##### EXERCISE DATA #####

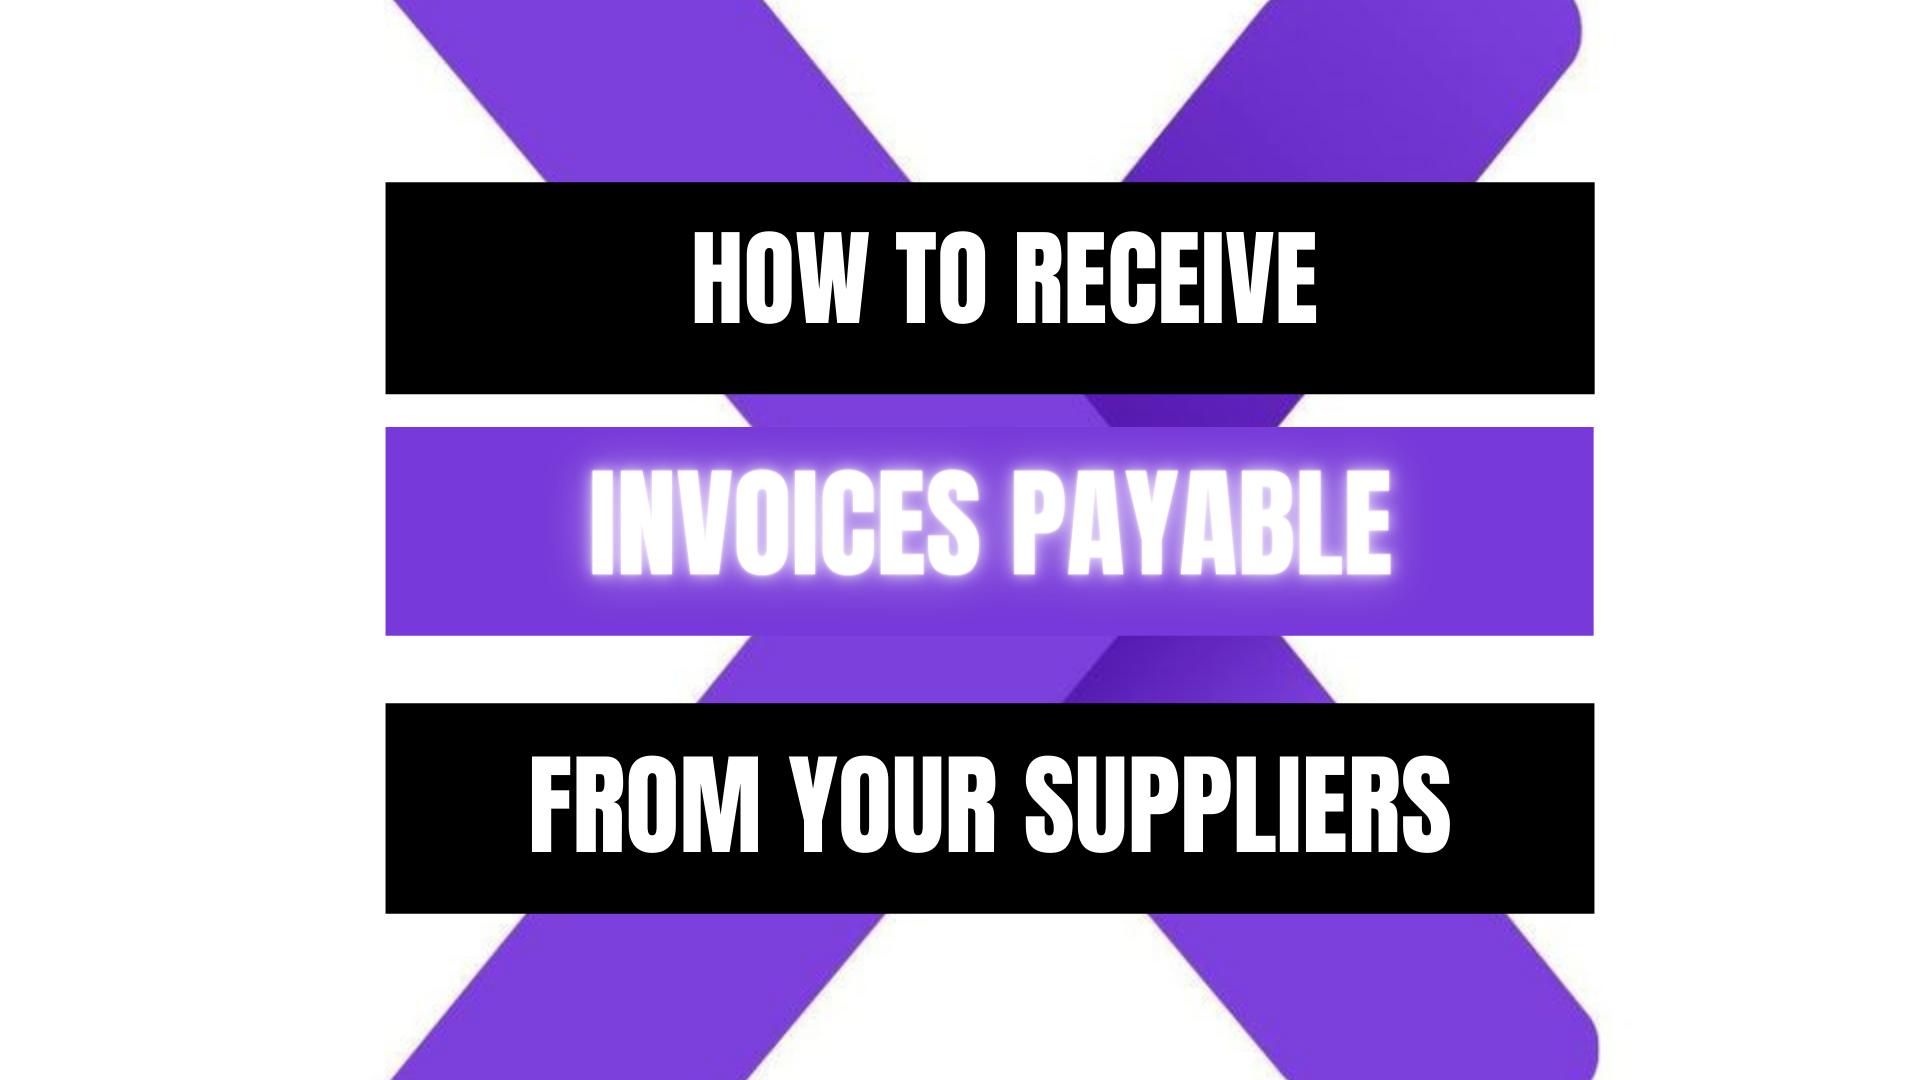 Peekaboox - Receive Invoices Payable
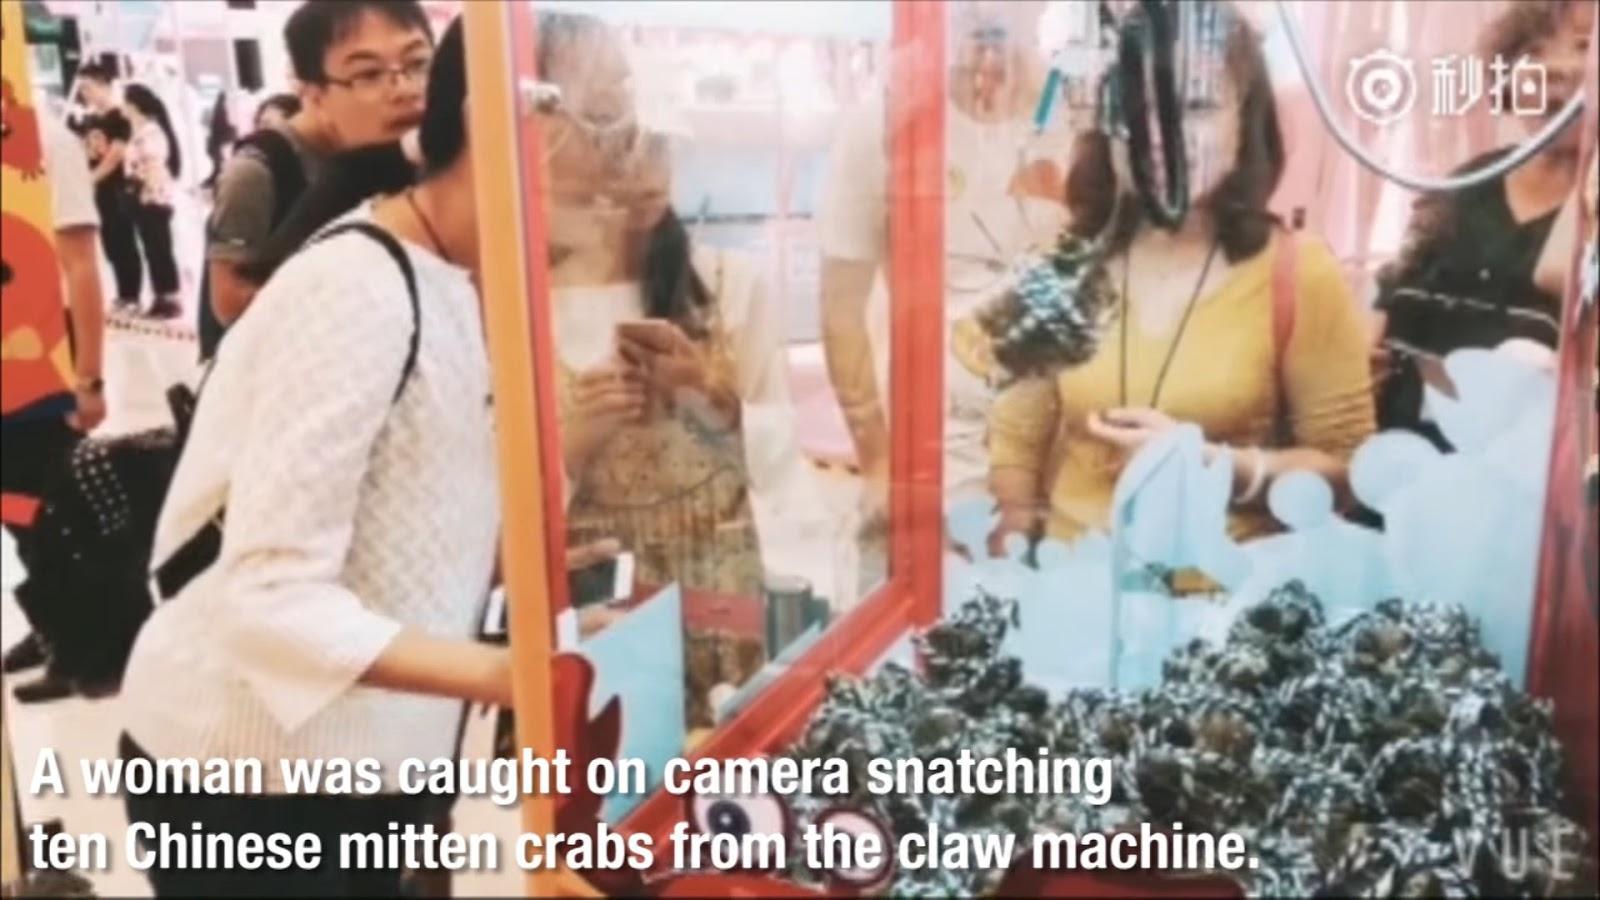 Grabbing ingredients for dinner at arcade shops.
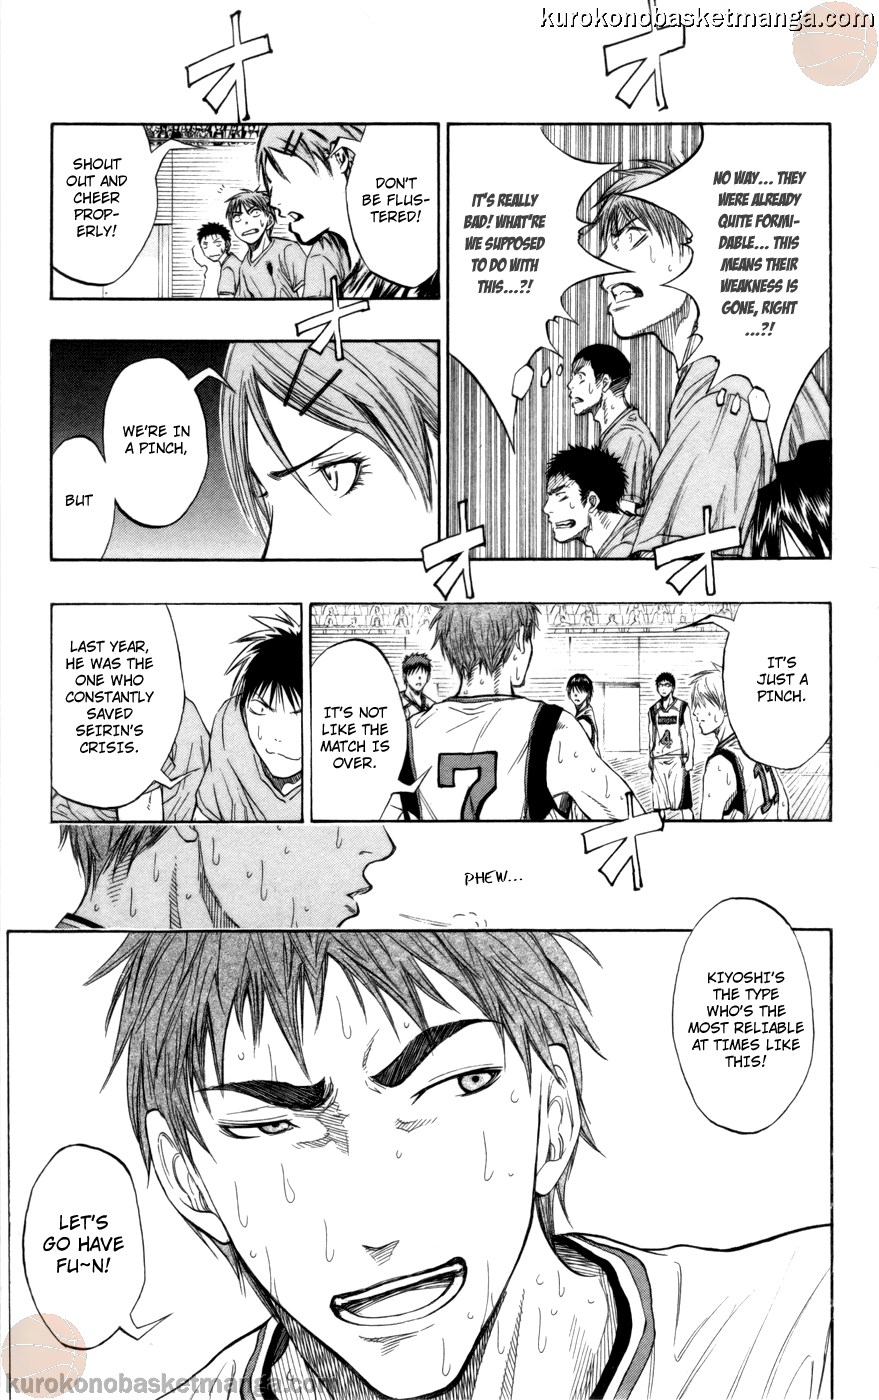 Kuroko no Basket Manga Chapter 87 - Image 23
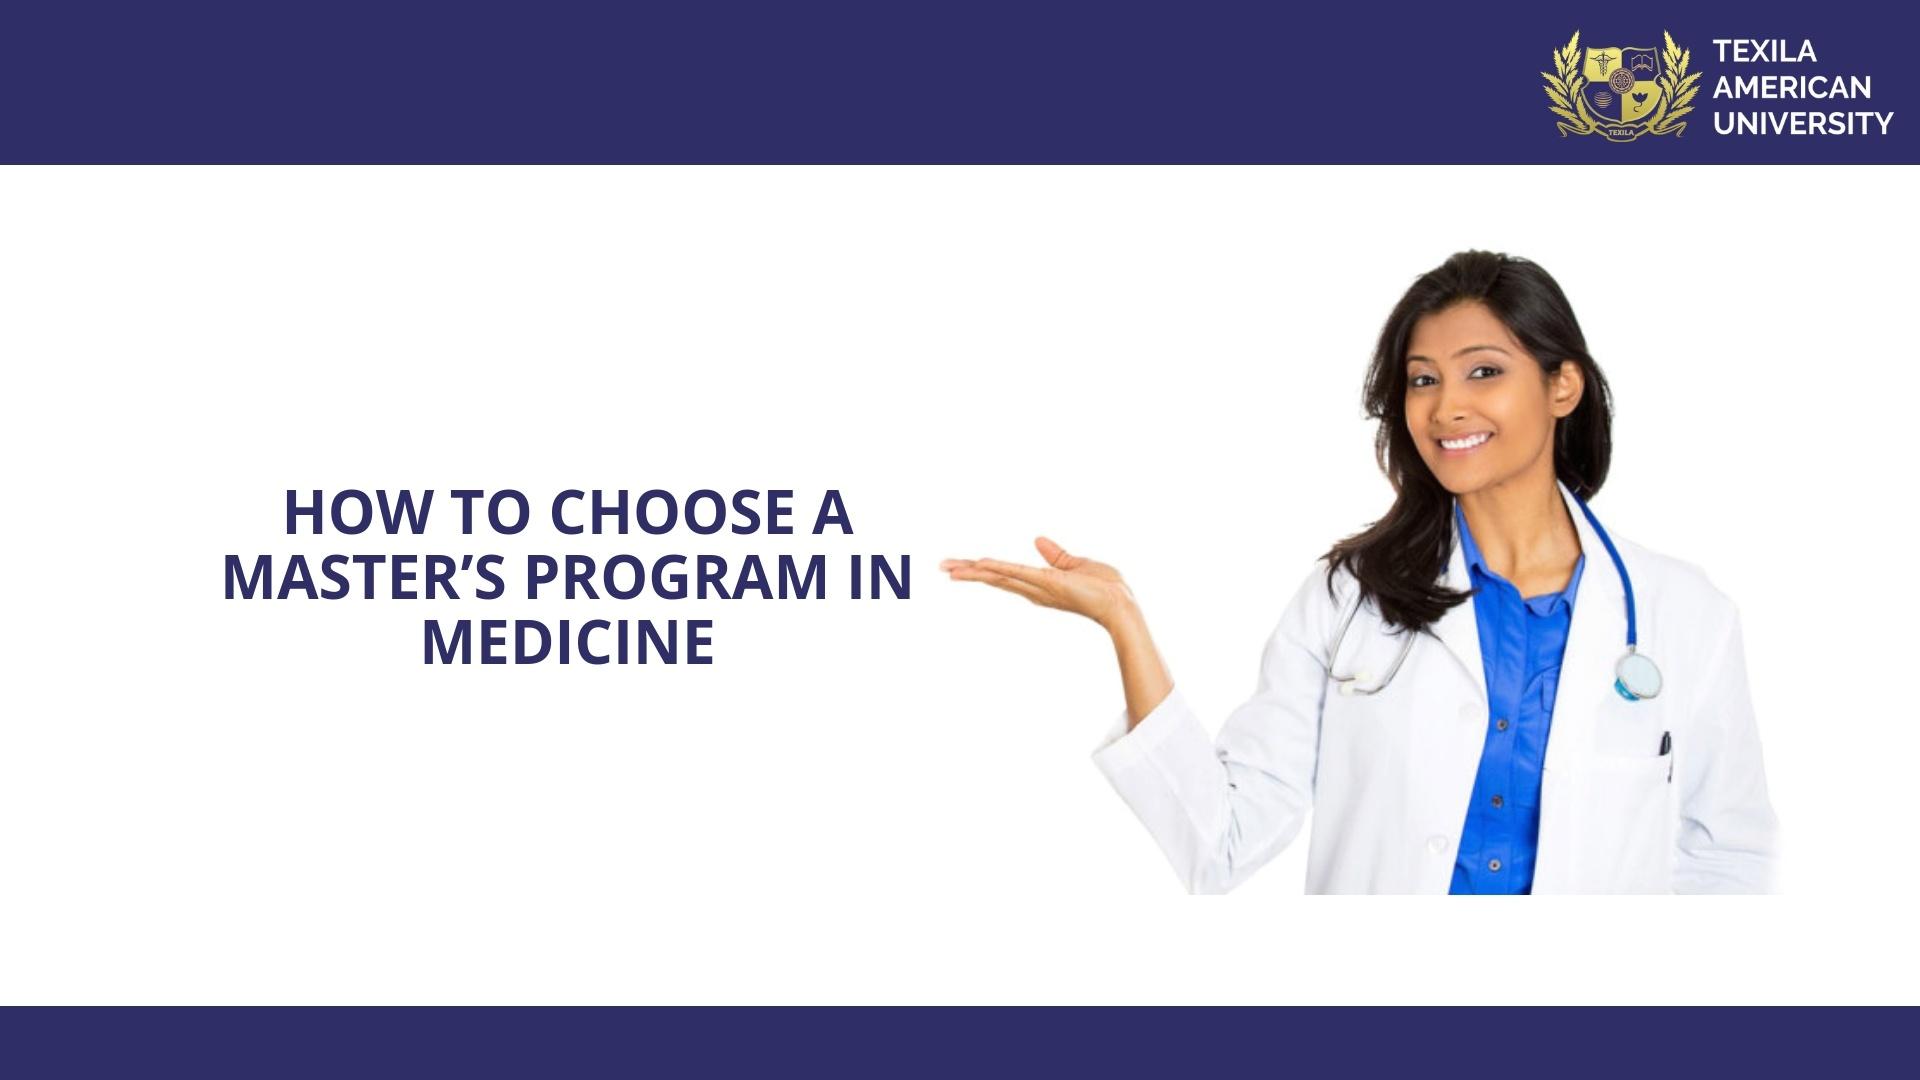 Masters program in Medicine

#####

WHAT YOU WILL DO
Since the pictures are not wanted, give the material again exactly without them.

SOLUTION TO THIS TASK
 Peekaboox - Receive Invoices Payable
 Grabbing ingredients for dinner at arcade shops.
 Kuroko no Basket Manga Chapter 87 - Image 23
 Masters program in Medicine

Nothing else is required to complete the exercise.